The panelData data.frame is only used when a glyph requires more data per area than can be provided by the statsDFrame columns. Only glyphs using this vector are boxplots and time series.

In the case of the boxplot glyph, the boxplot function with plot=F is used to generate the boxplot statistical details for each area. The name of the resulting list of 51 sets of boxplot statistics (one for each area) is placed in the panelData data.frame element for the boxplot column.

For the time series and time series with confidence interval, the glyphs require a 3 dimensional array of data. The first dimension ([area,,]) represents the areas. The second dimension ([,t,]) ranges from 2 to n. There is no upper limit, but 200-250 samples is a practical limit. One for each data point. The third dimension ([,,v]) provides the values at data point t for area st. [,,1] is the x axis value. For time series, is usually just the value 1 to n to order the y values. [,,2] is the median y value. For time series with confidence intervals: [,,3] is the lower value y and [,,4] is the upper value y.

Reference Lines

Reference lines can be created in arror, bar, dot, dotconf, dotse, and segbar glyphs by specifying the reference values in the RefVal= vector. A label appearing at the bottom of the column can be specified using the RefTxt= vector in the panelDesc data.frame.

Format

The parameters in the panelDesc data.frame structure are:

type=

The types of graphics for each column of panels can be specified by the following keywords in the "type variable":

The following are the type of glyphs that can be specified in the type vector:

Map types:: "map", "mapcum","maptail","mapmedian"
State ID and/or Name:: "id"
Glyph Type:: "dot", "dotse","dotconf", "dotsignf", "bar", "arrow", "ts", "tsconf","scatdot", "segbar", "normbar", "ctrbar", "boxplot"

The following provides a description of each panel type:

map: - a non-highlighted map
mapcum: - maps show the accumulated areas top to bottom
maptail: - maps show the accumulated areas from the top and bottom toward median area.
mapmedian: - the maps above the median highlight the areas above the median area and maps below the median highlight areas below the median area based on the sorting variable.
id: - generates a column with a color identifier (a filled in square) and the area abbreviation or name.
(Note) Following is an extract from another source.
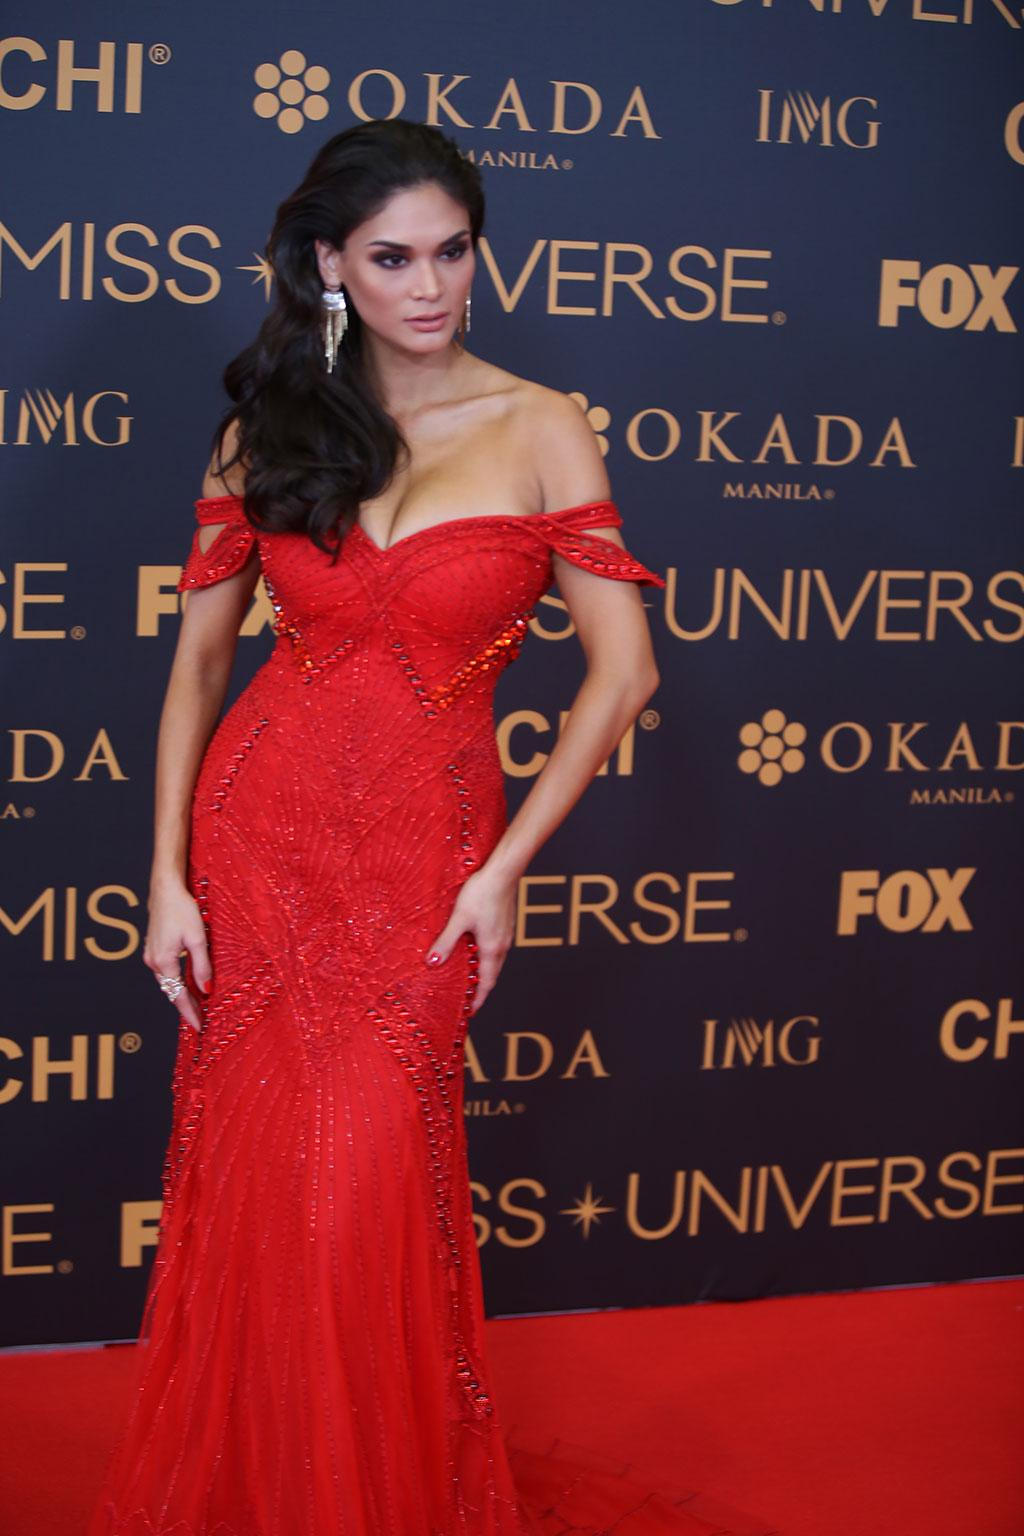 Miss Universe 2017 >> Pia Wurtzbach walks final red carpet as Miss Universe | Photos | GMA News Online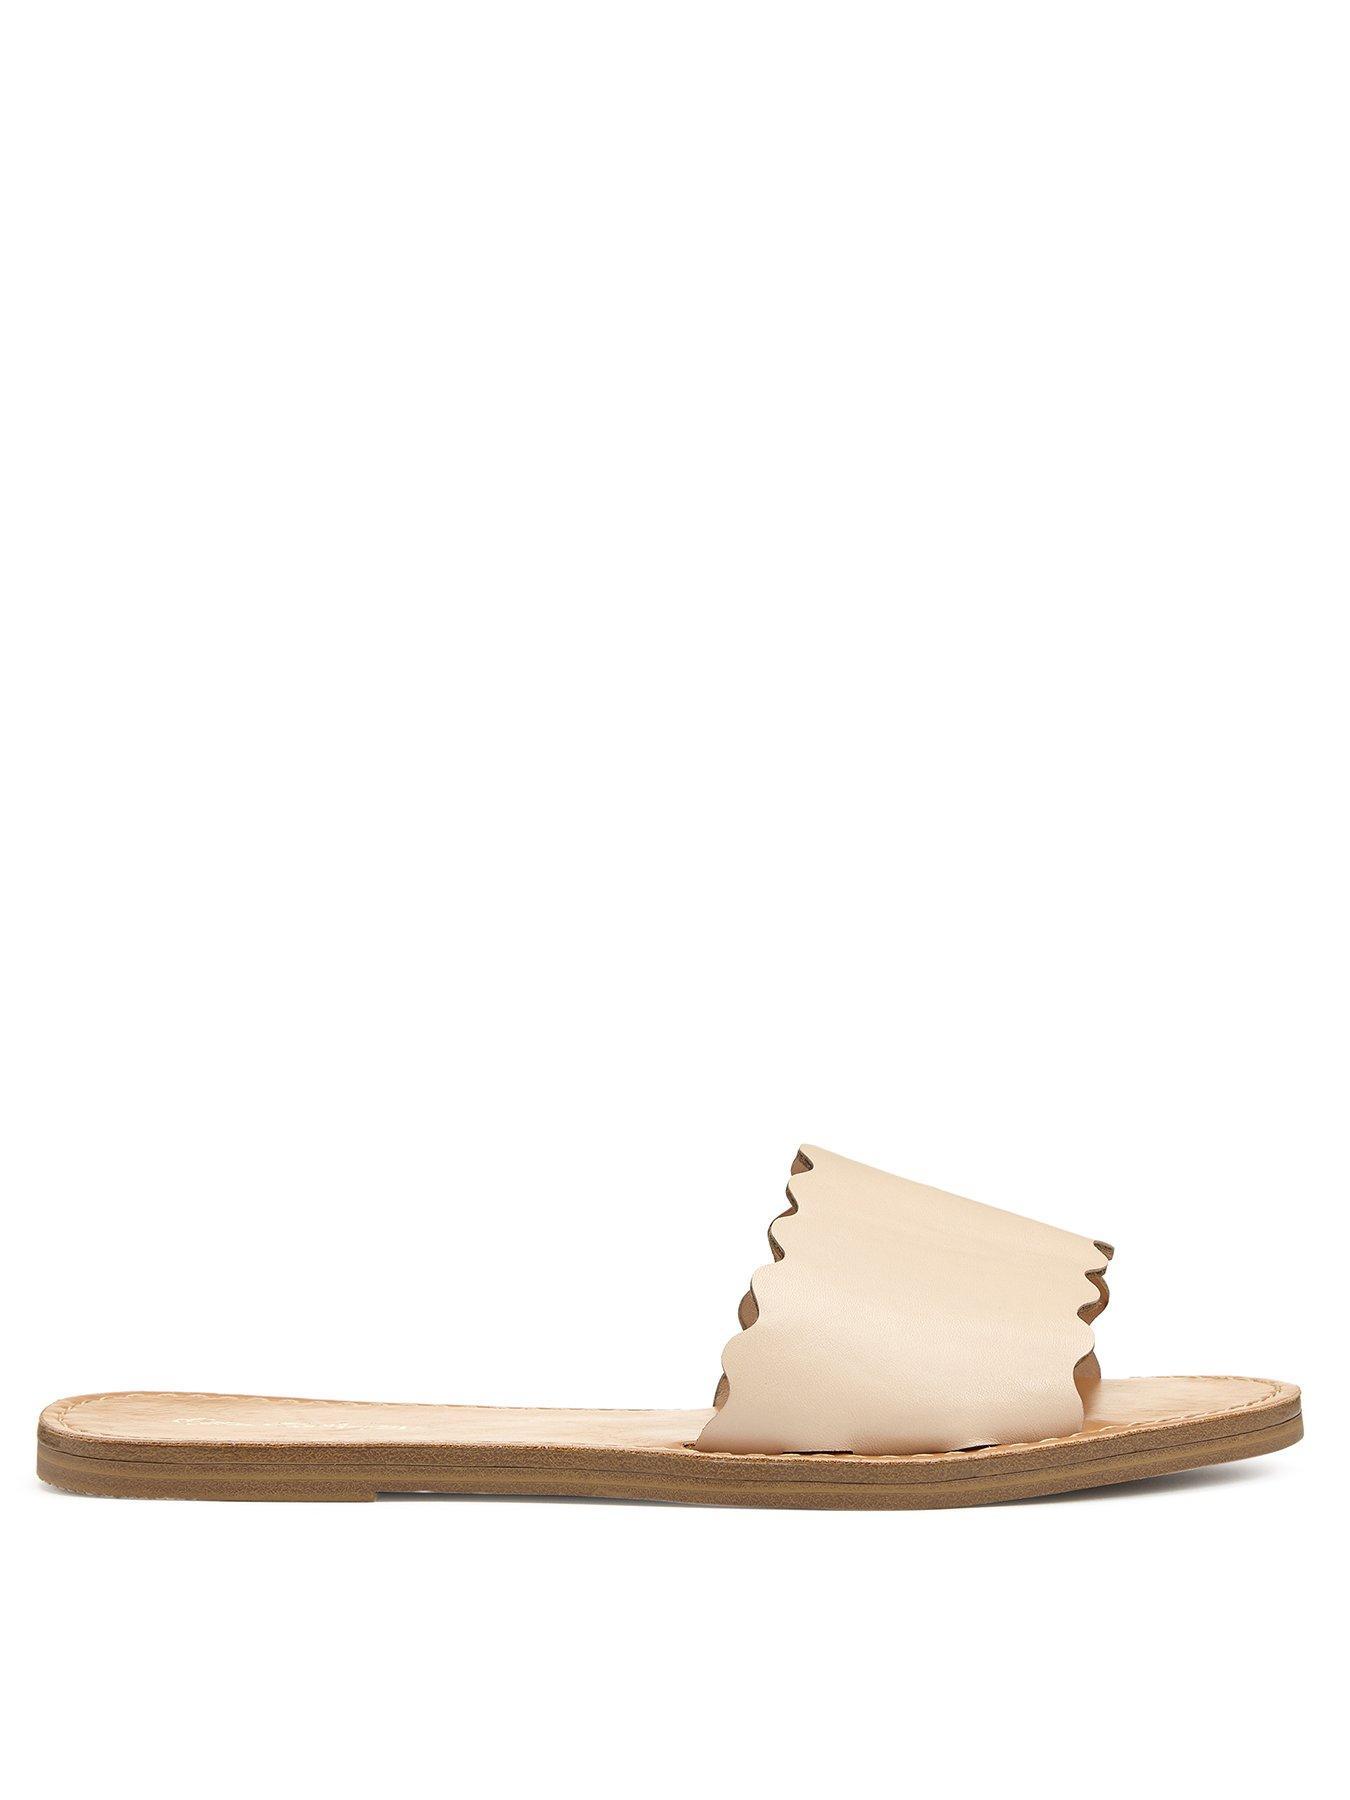 Miss Selfridge Scallop Slide Flat Sandal

The plotNames parameter in the micromapSEER call controls whether the area's full name or 2 character abbreviation is displayed.
rank: - sequentially number areas from 1 (highest rank) to "n" (lowest rank)
arrow: - an arrow from value 1 to value 2 with value 2 the head of the arrow.
bar: - a bar for a single set of values, The values can be positive or negative.
boxplot: - a boxplot for each area using a data.frame generated by the boxplot function with plot=F. The name of the boxplot data.frame is passed to micromapSEER using the panelData vector.
dot: - a dot for a single value using one set of values.
dotse: - a dot for a single value and its standard error using two values.
dotconf: - a dot for a single value and its confidence interval using three values.
dotsignf: - a dot for a single value overlaid if value is not significant using two values: value for dot and P value.
ts: - a time series line plot for each area. The glyph use the panelData vector to get the name of a three (3) dimensional array the data for the plot. The array contains one entry per area, 1 to 30+ data points and the x and y values. See section on panelData below for more details. A reasonable upper limit to the number of points is between 200-300. Only a few will be selected to be used as X-Axis labels. The format of the X-Axis label is controled by the "xIsDate" attribute on the array being set to TRUE. If the "xIsDate" attribute is not set to TRUE, the X-Axis will be formated as numeric and axisScaling can be preformed. If the "xIsDate" attribute is TRUE, the default date format of " or less than 90, a short date format will be used of " The x-axis date feature will override the specification of the axisScale call parameters on time series glyph columns.
tsconf: - a time series line and confidence interval band for each area. The glyph use the panelData vector to get the name of a three (3) dimensional array the data for the plot. The array contains one entry per area, 1 to n data points and the x, y, lower y and upper y values. See section on panelData below for more details. A reasonable upper limit to the number of points is between 200-300. The format of the X-Axis label is controled by the "xIsDate" attribute on the array. If the "xIsDate" is set to TRUE, the X-Axis values will be format using the default date format of " date format of " TRUE, the X-Axis will be formated as numeric and axisScaling can be preformed. The x-axis date feature will override the specification of the axisScale call parameters on time series glyph columns.
segbar: - a horizontal stacked (segmented) bar plot starting at 0 using data in the statsDFrame data.frame. The col1 and col2 columns are used to indicate the first and last columns in the statsDFrame data.frame that contain the contiguous bar segment values (lengths). For example: The data for a 5 segment bar glyph is in columns 4 through 8 in the statsDFrame (5 columns). col1 is set to 4 to identify the first column and col2 is set to 8 to identify the last column in the sequence. Column names may be used, but the column identified in col1 must preceed the column identified in col2.
normbar: - a stacked bar plot where the data is normalized for each area by dividing the bar segment values by the sum of the values for all of the bars. The stacked bar plot for each area then ranges from 0 to 100% (edge to edge). The col1 and col2 columns are used to identify the first and last columns for bar data in the statsDFrame in the same way as for the "segbar" glyph (see above.)
ctrbar: - a stacked bar plot where the bar segments are centered around the middle of the data. If there is an even number of segments, the 0 point is between the lower half and the upper half of the segments. If there is an odd number of segments, the center is the midpoint of the middle segment. The other segments are plotted to the left and right of the center point. The col1 and col2 columns are used to indicate the first and last columns in the statsDFrame data.frame that contain the contiguous bar segment values. (See "segbar" type above for more information.)
scatdot: - a set of 51 points with an x and y value per area. All points are plotted in each panel with the key areas in the panel highlighted. col1 indicates statsDFrame column containing the x values and col2 indicates the column containing the y values.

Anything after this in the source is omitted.